А 'лишенец' — это страшно. 'Лишенцы' были, по сути своей, лишены практически всех прав, являлись людьми даже не второго, а третьего сорта по отношению к разным там 'товарищам'. Кому же досталось подобное клеймо? О, это отдельная матерная песня!
Как мне удалось выкопать в архивах ОГПУ, по переписи двадцать седьмого года их было более трех миллионов человек. Чудом оставшиеся в живых офицеры, священники, служащие Российской империи. Занимавшие пусть самую малую, но все же ступень в 'табели о рангах', купечество. И, само собой разумеется, члены их семей. ВСЕ члены семей. В общем, те, кто отличался умом, знаниями, талантами, способностями. Именно их объявили изгоями и не заслуживающими ничего в сравнении с 'лучшей частью советского общества'...
У них отняли все. Объявленные 'лишенцами' не могли получить высшее образование, часто фактически лишались права проживать в Москве Санкт-Петербурге, нынешнем Ленинграде. Мало того, они не имели право получать пенсию и пособие по безработице. Дескать, если хочешь — иди с протянутой рукой, кончай жизнь самоубийством или просто сдохни под забором от недоедания.
Ну и тому подобные нюансы вроде запрета вступать в профсоюзы, ведь не члены профсоюза не допускались в руководство промышленных предприятий и организаций. Ах да, еще им либо не выдавались продуктовые карточки, либо же выдавались по самой низшей категории.
Дальше — больше. В середине двадцатых началась кампания по выселению 'лишенцев' даже из поганых коммуналок и бараков. Дескать, вперед в голую степь, на помойки и в прочие места, самым лучшим образом подходящие 'эксплуататорам'. А еще краснопузая сволочь и на их детях решила отыграться. Ведь они, даже родившиеся уже в СССР, носители неправильной, дурной крови. Той самой, которая не склонна лебезить и пресмыкаться перед возомнившим о себе сбродом из люмпенов и прочих маргинальных элементов.
Так вот, даже дети из 'неправильных семей' пострадали по полной. Они были лишены возможности учиться в старших классах и получать образование в ВУЗах. Совсем, в принципе.
Хотя... Иногда, в качестве высшей награды клеймо 'лишенца' снималось. Но для этого надо было до такой степени измараться в прислуживании новой власти, что никакого пути назад просто не было. И то... Вызвал неудовольствие? Вновь вернешься 'под клеймо'. Вот она, 'власть трудового народа' во всей красе, со всем своим ласковым оскалом даже не хищника, а шакала-трупоеда.

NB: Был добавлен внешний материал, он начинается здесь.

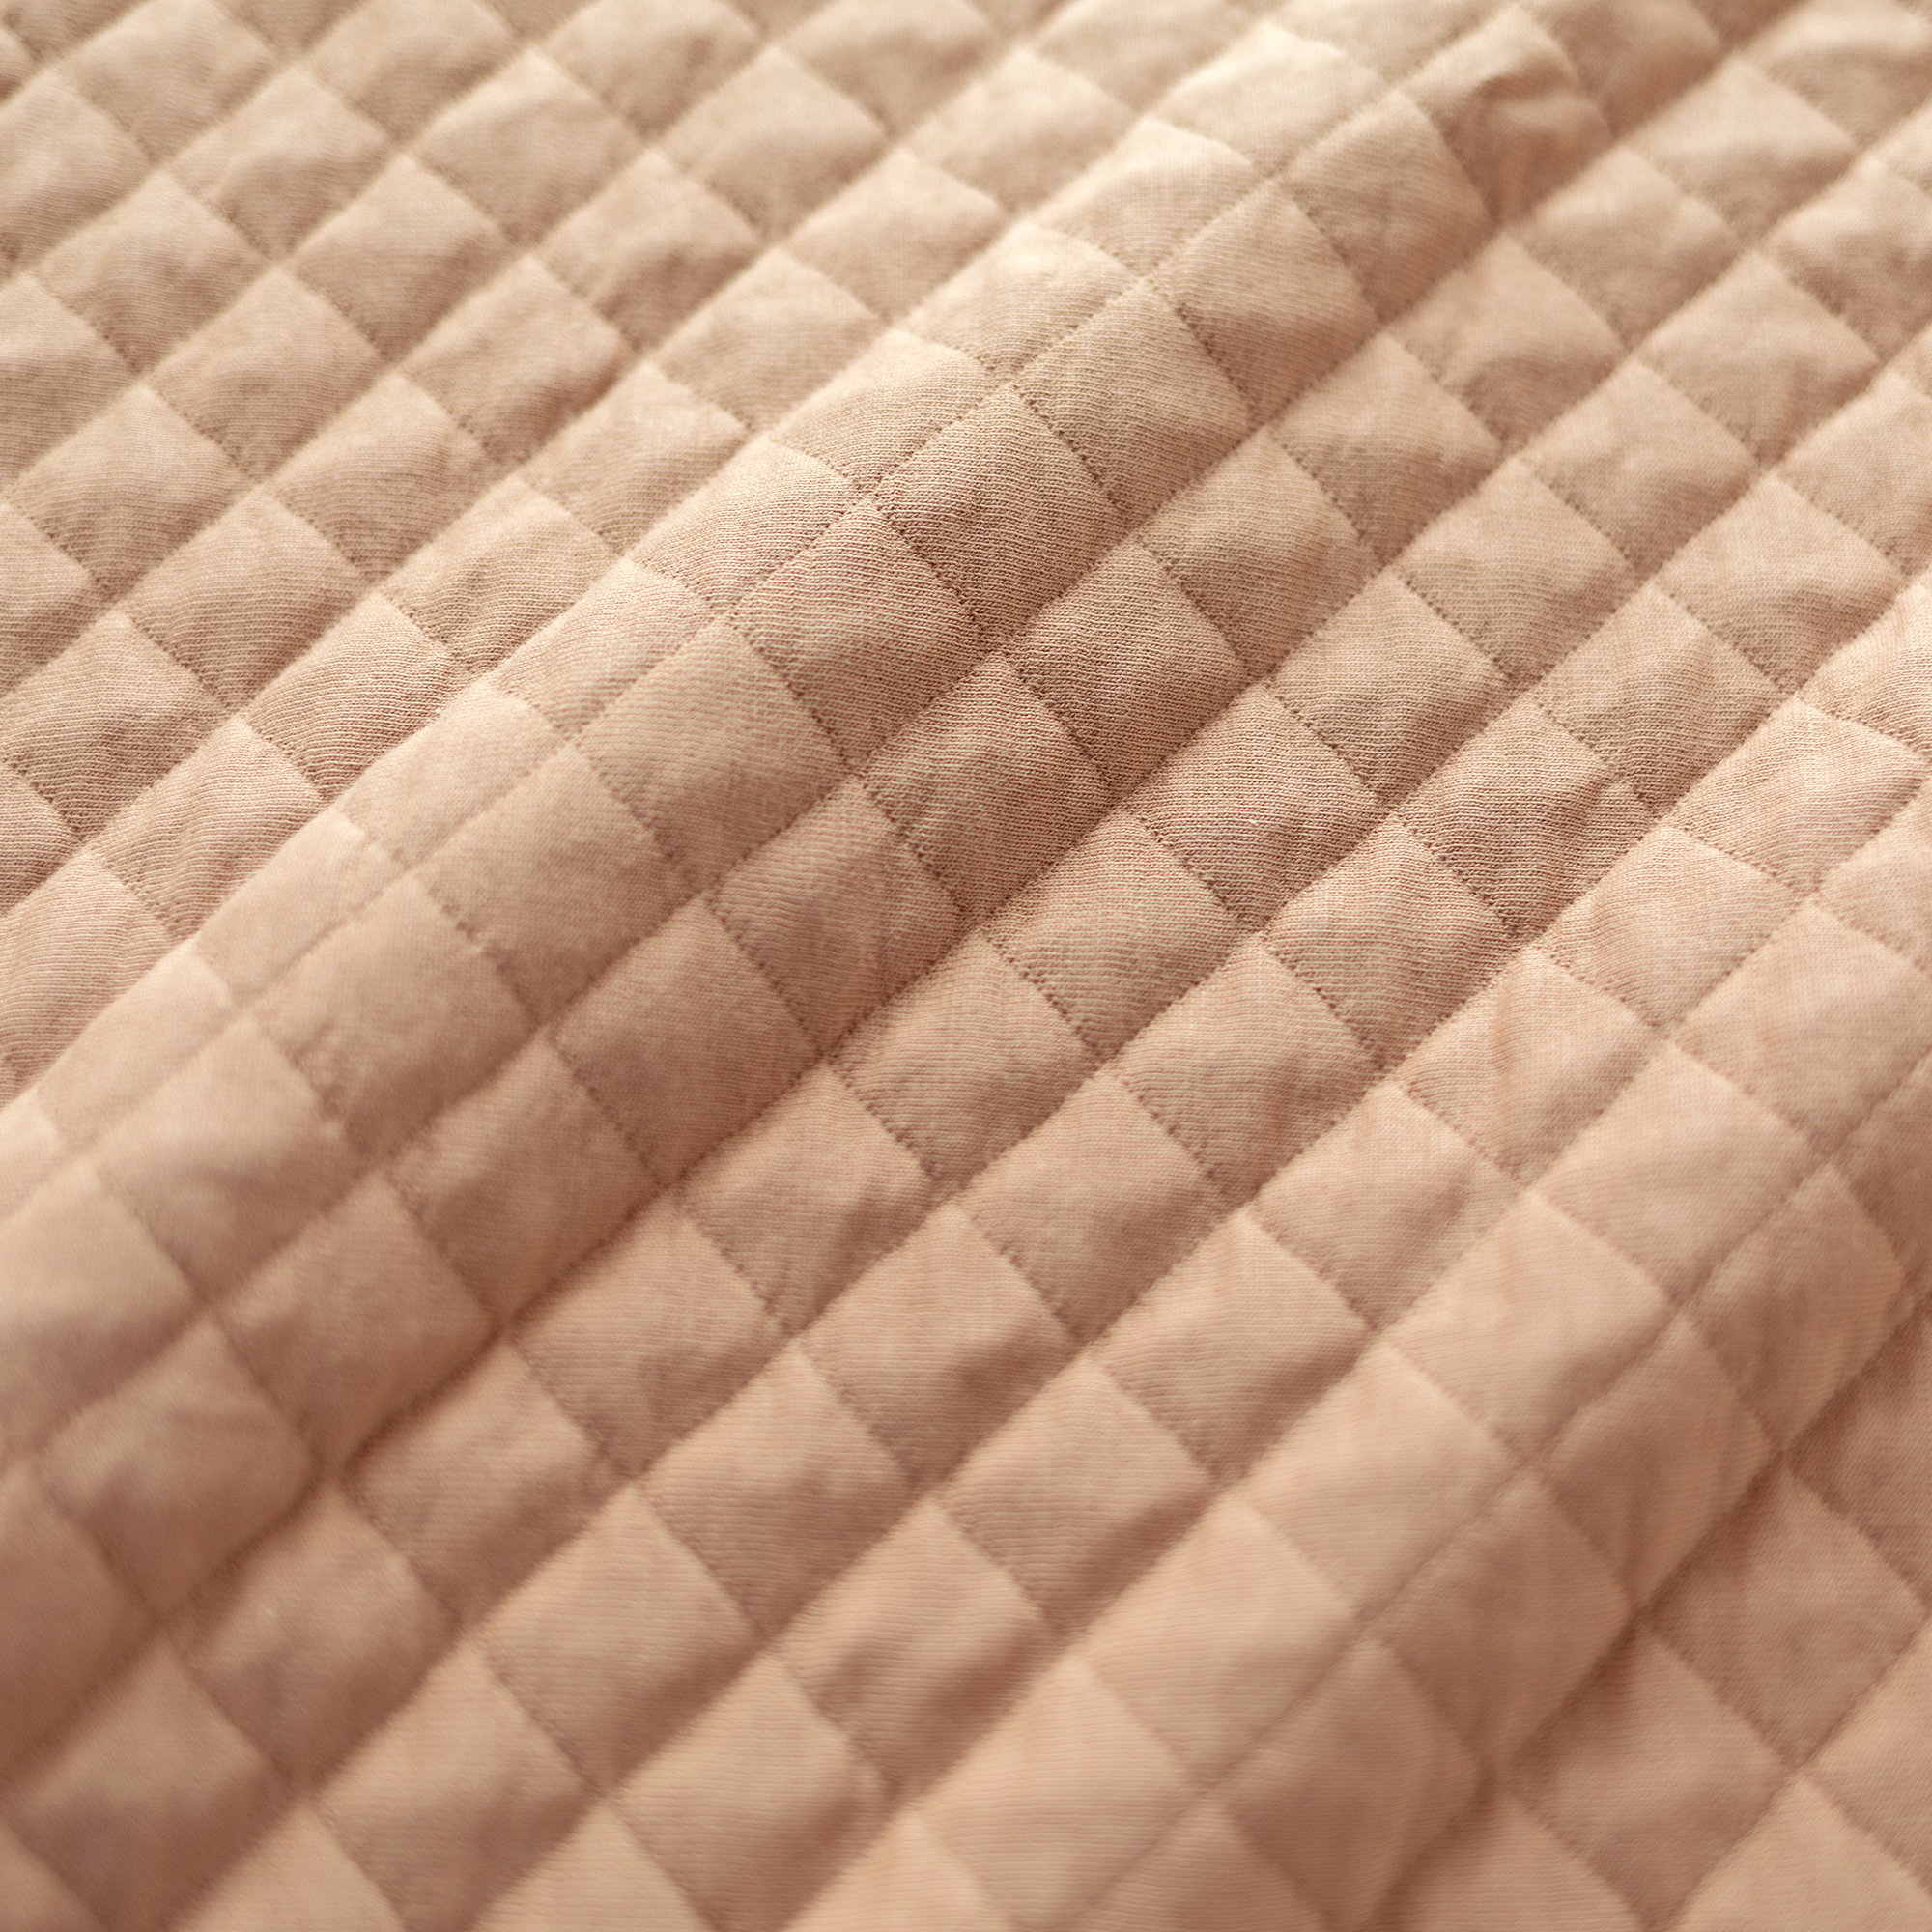 Wickelkissenbezug Pady quilted jersey 50x75cm QUILT Beige[CARE]

Впрочем, возвращаясь к Николаю, недостойного сына своего отца-генерала. Окончил он всего семь классов по той самой причине. Что 'лишенцу' незачем учиться, а надо работать на самых малопривлекательных должностях вроде чернорабочего. Собственно, именно им он и трудился несколько лет, после чего... Ага, после чего на него снизошло пристальное внимание 'товарищей из ОГПУ'. Само собой не прямое, а косвенное. 'Лишенцев' не призывают в армию, а его призвали на Черноморский флот. Потом школа водолазов, весьма престижная по любым меркам, что могло бы заставить задуматься кого угодно. Вот только чем и как думал Николай — для меня оставалось большой загадкой.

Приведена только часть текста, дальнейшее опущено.